Dataset content:
Content starts

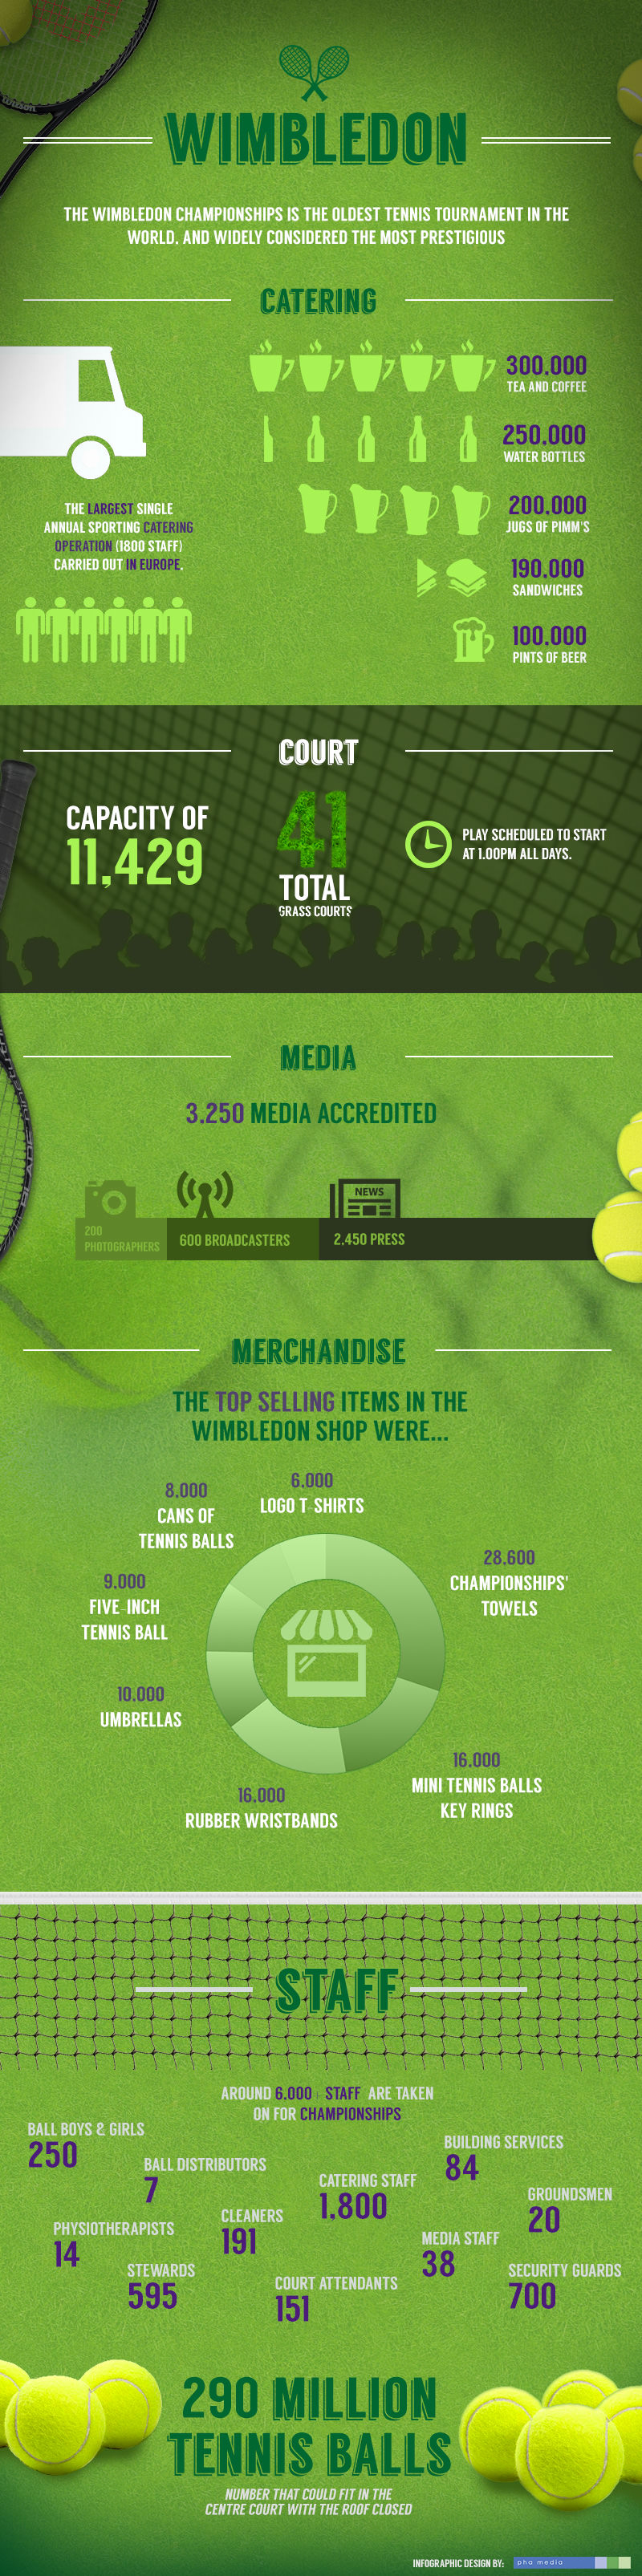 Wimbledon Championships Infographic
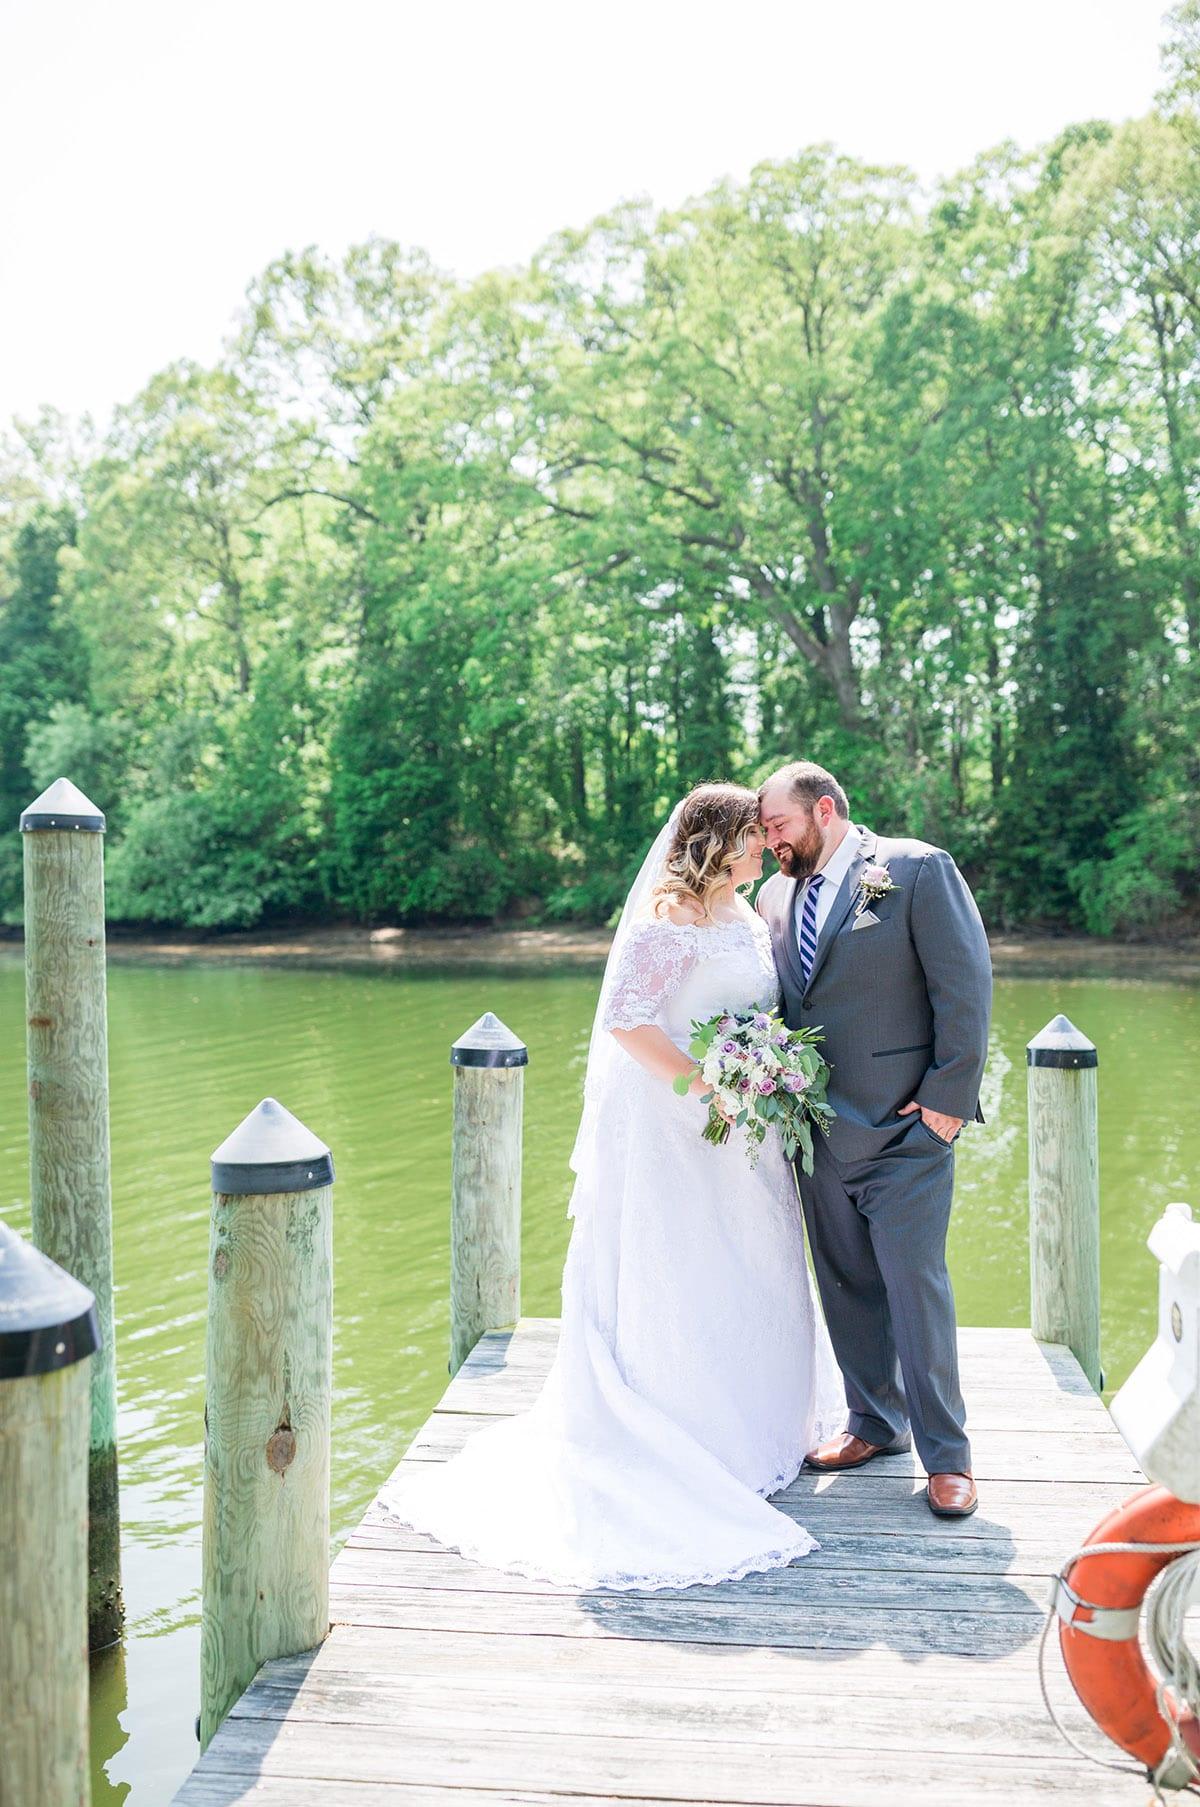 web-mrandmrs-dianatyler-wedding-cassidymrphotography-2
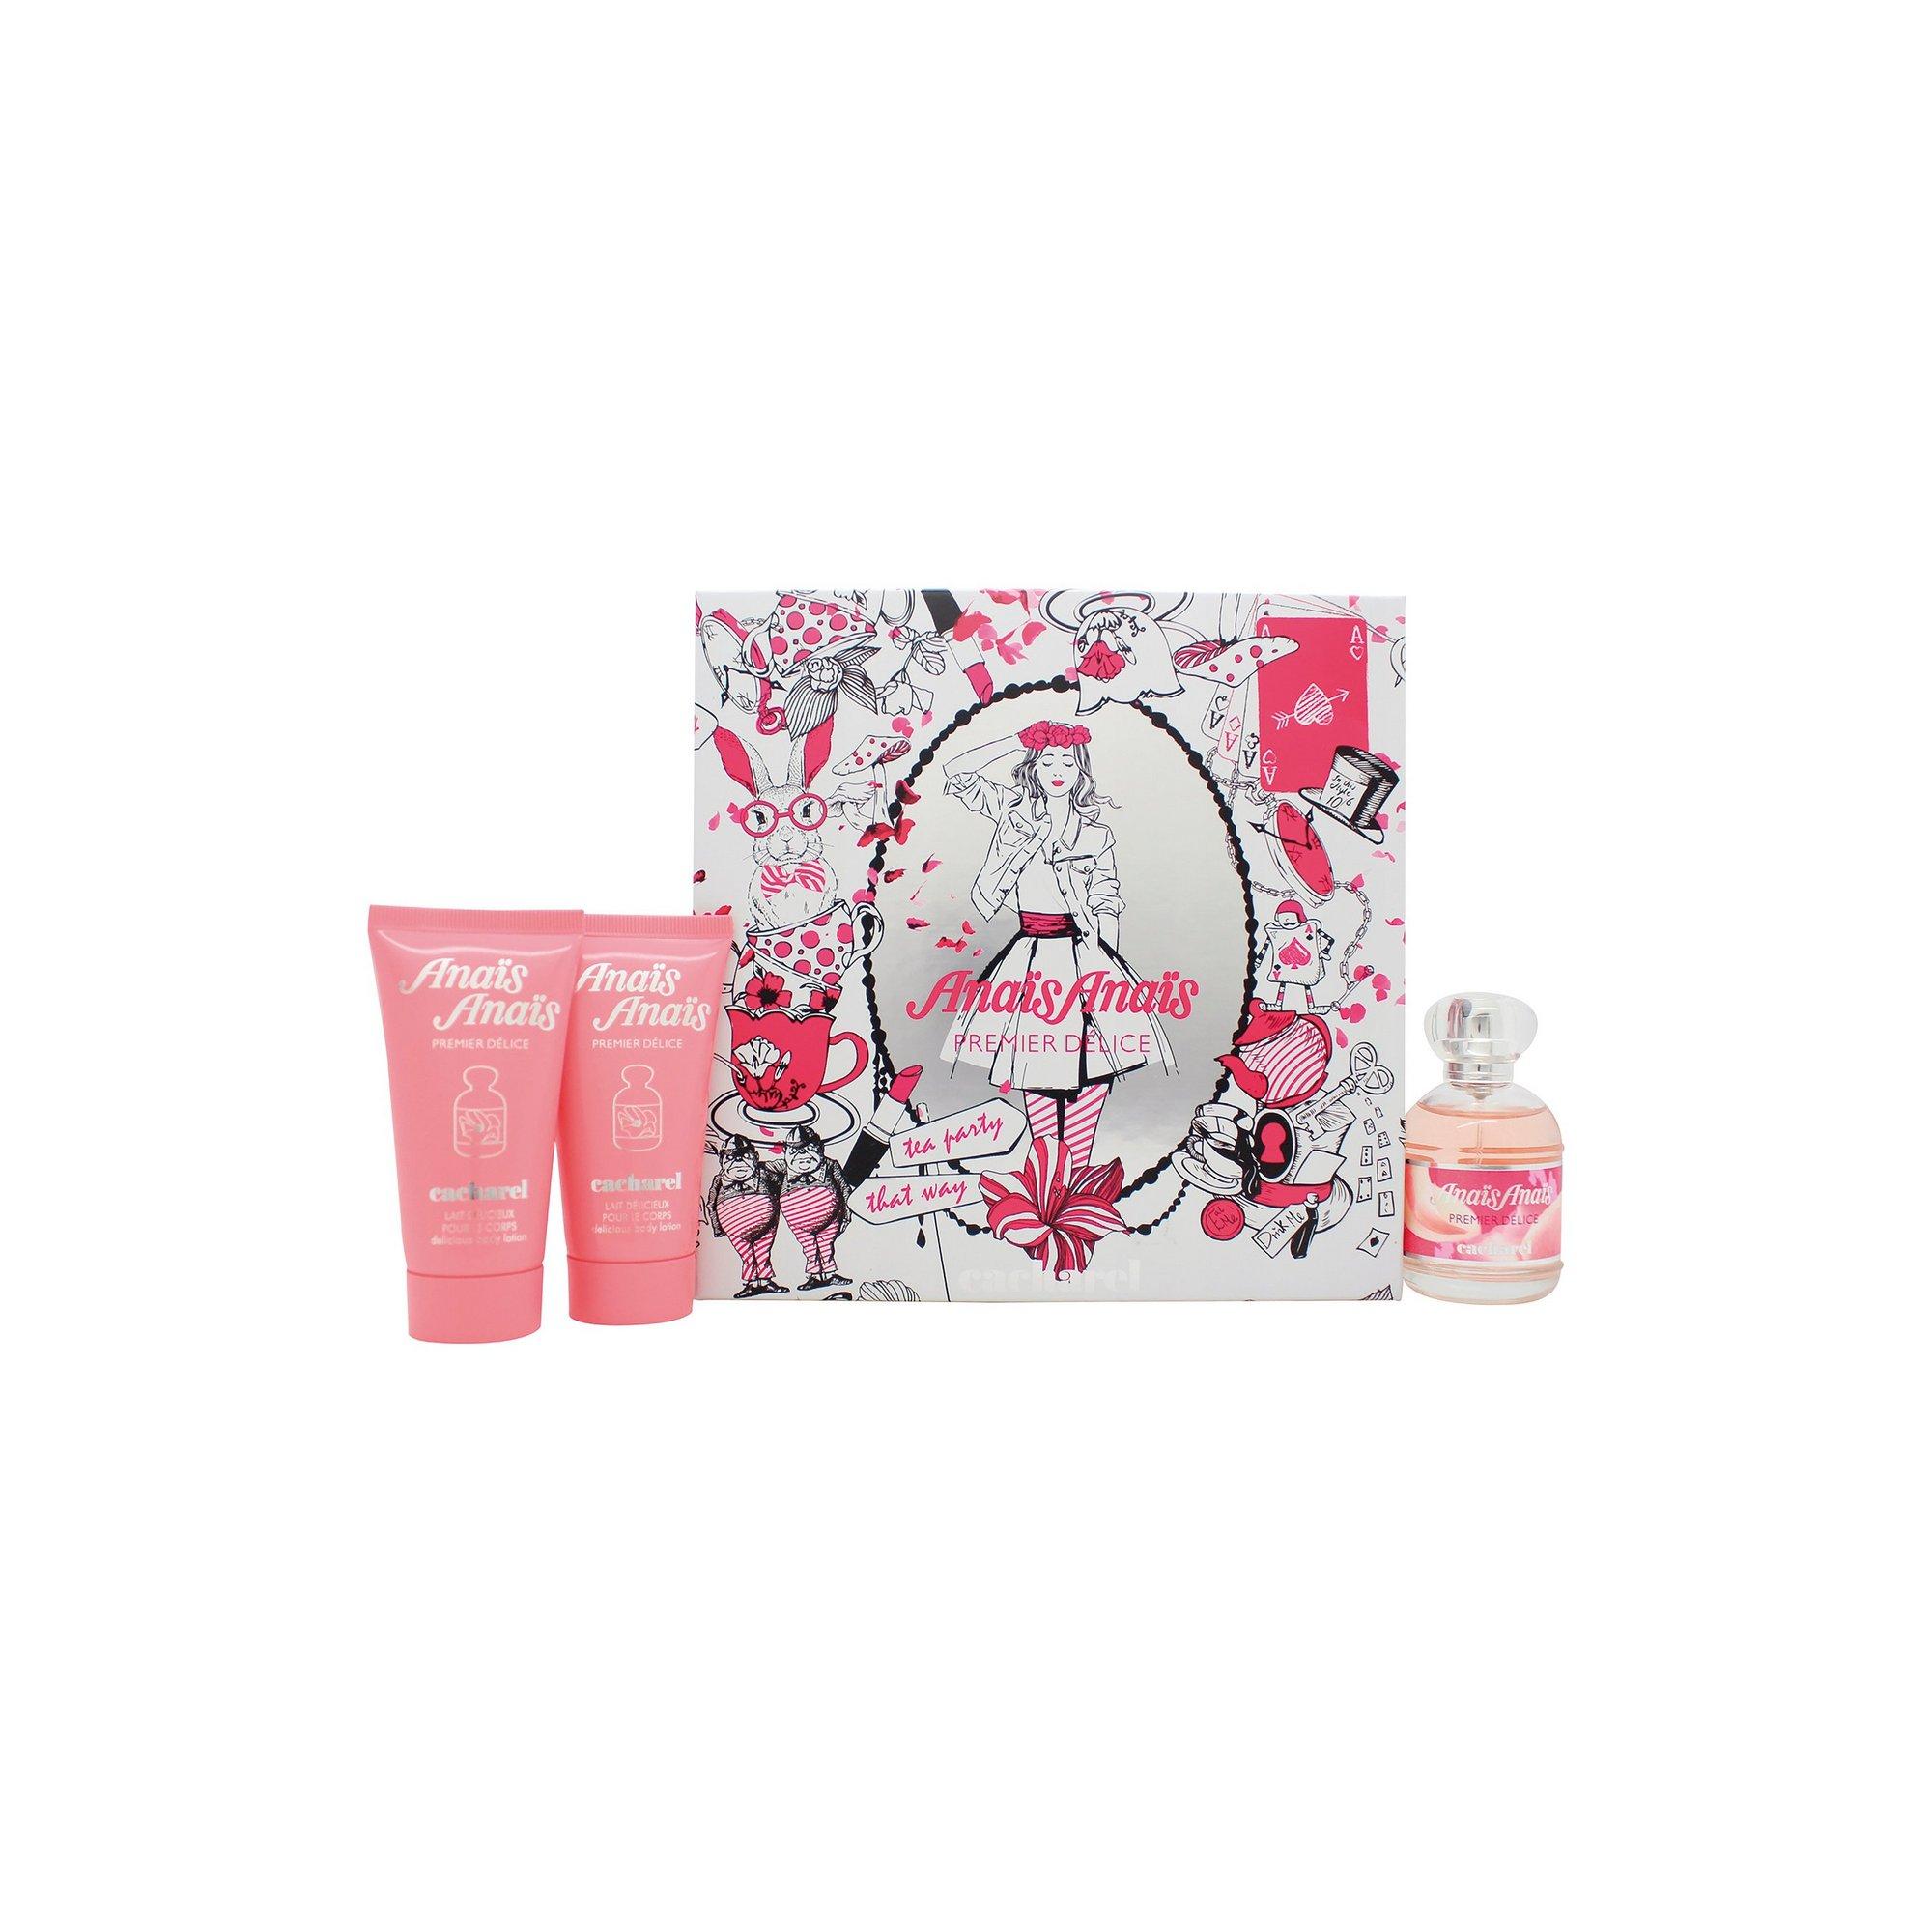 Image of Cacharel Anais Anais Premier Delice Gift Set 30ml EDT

Content ends

What needs to be done: Aside from its pictures, the listing must be given again in full, exactly as it appears.

Response to this exercise:
 Wimbledon Championships Infographic
 web-mrandmrs-dianatyler-wedding-cassidymrphotography-2
 Image of Cacharel Anais Anais Premier Delice Gift Set 30ml EDT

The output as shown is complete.